Conversions performed in Israel for those lacking a Teudat Zehut led to neither registration as “Jewish” nor to citizenship. Thus, until now, we abstained from converting those without an Israeli ID or needed to send them abroad. This would include students and those here with work visas.
The ruling will not dramatically increase the number of conversions that we perform. It will, however, make the lives of some of our Gerim less complicated.

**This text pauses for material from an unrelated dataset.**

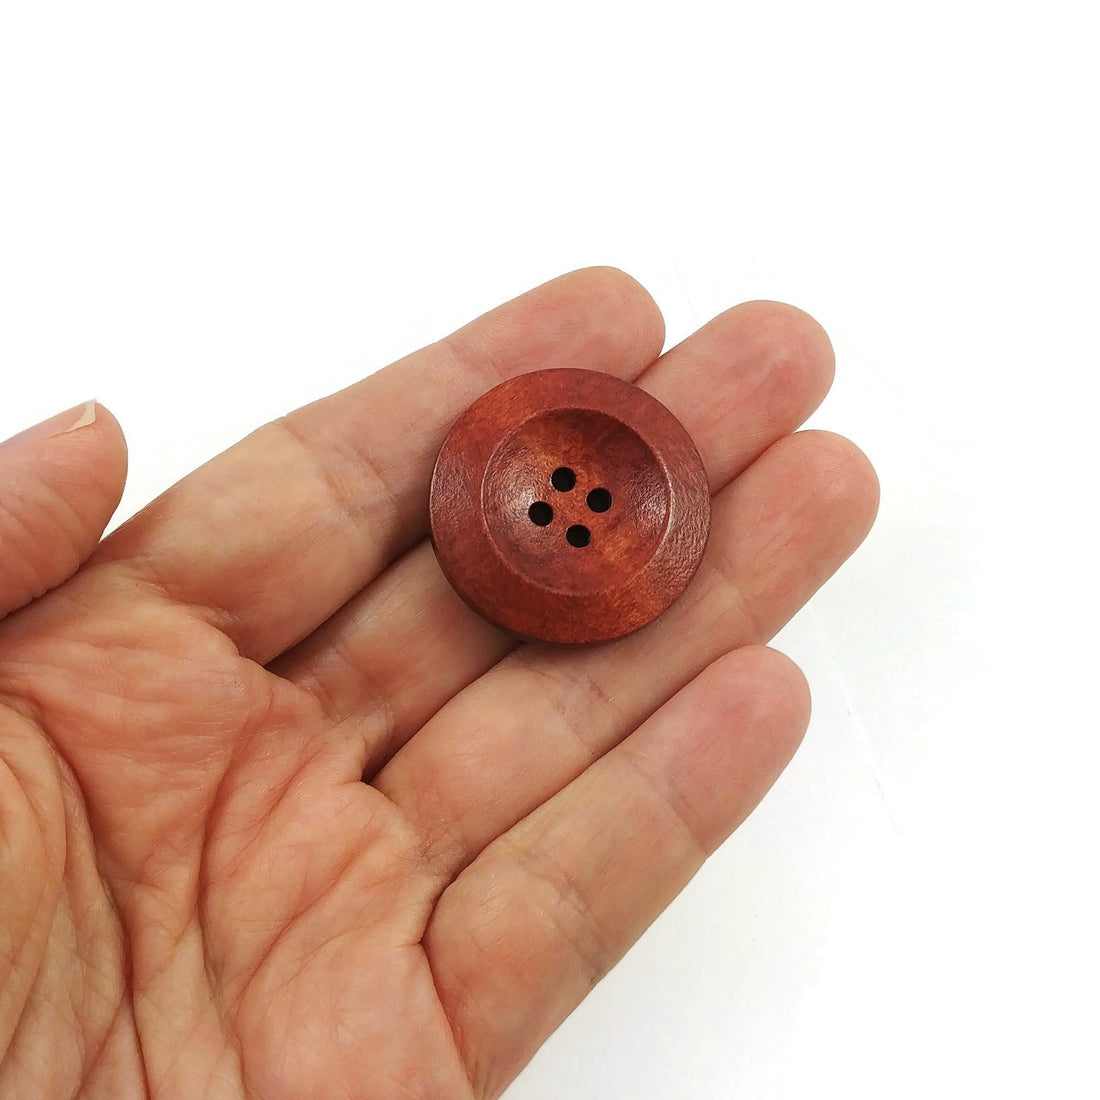 30mm wooden buttons, Red brown sewing buttons, 6 craft knitting buttons

Scenario Number 1: Helga came to Israel from Norway, with a student visa, to work on a doctorate in Jewish thought. While here she attended a Masorti shul, spent Shabbatot and holidays with Jewish friends, became fluent in Hebrew, and inquired about joining the Jewish people. Conversion in Israel would leave her open to deportation upon completion of her academic studies as she did not have a Teudat Zehut. Thus, in cooperation with our Masorti Beit Din in Europe, Helga needed to travel to London to complete her conversion. Upon returning to Israel, and a subsequent waiting period of nine months, she became eligible for citizenship. Now, that trip to a Beit Din abroad will no longer be necessary.
Scenario Number 2: An intermarried couple from North America decided to make Aliyah. The husband, Jack, was Jewish and the wife, Jill, was not. Both received a Teudat Zehut (Jack as a Jew and Jill as partnered with a Jew). A year after making Aliyah Jill converted to Judaism through the Masorti movement. Jill then changed her registration in the Interior Ministry to “Jewish.” A year later Jack and Jill separated. Until yesterday’s ruling Jill was eligible for deportation. Her right to be in Israel was contingent upon her marital relationship with Jack. The fact that the State recognized her as Jewish did not mean that she was entitled to citizenship. That changed with yesterday’s court ruling.
The victory in court can be savored but need not be celebrated as a triumph over the Orthodox monopoly – although it is that too. It may be seen as moving Israel closer to the more inclusive Zionist reality for which we all strive.
Let us not sit on our laurels. The Hardei ministers, the Chief Rabbis, and many MKs have announced their determination to pass legislation that would undo the rights of our Gerim. The Likud party issued a statement saying that the decision “endangers the Law of Return, and by extension Israel’s foundation “as a Jewish and democratic state.” Interior Minister Arye Deri called the decision “wrong,” said it would cause “A severe rift among the Jewish people,” and vowed to “amend the law so that only conversion according to Jewish law will be recognized in the State of Israel.” Another Haredi MK said of a conversion he did not accept, “She is not Jewish and if someone marries her the father needs to sit shiva, rip his clothes and recite Kaddish.”
We can be proud of the work done by our colleagues to advance the cause of religious pluralism in Israel. Yet, we must be ever on guard to ensure that our rights, and those of our converts, are respected.
May we continue from strength to strength.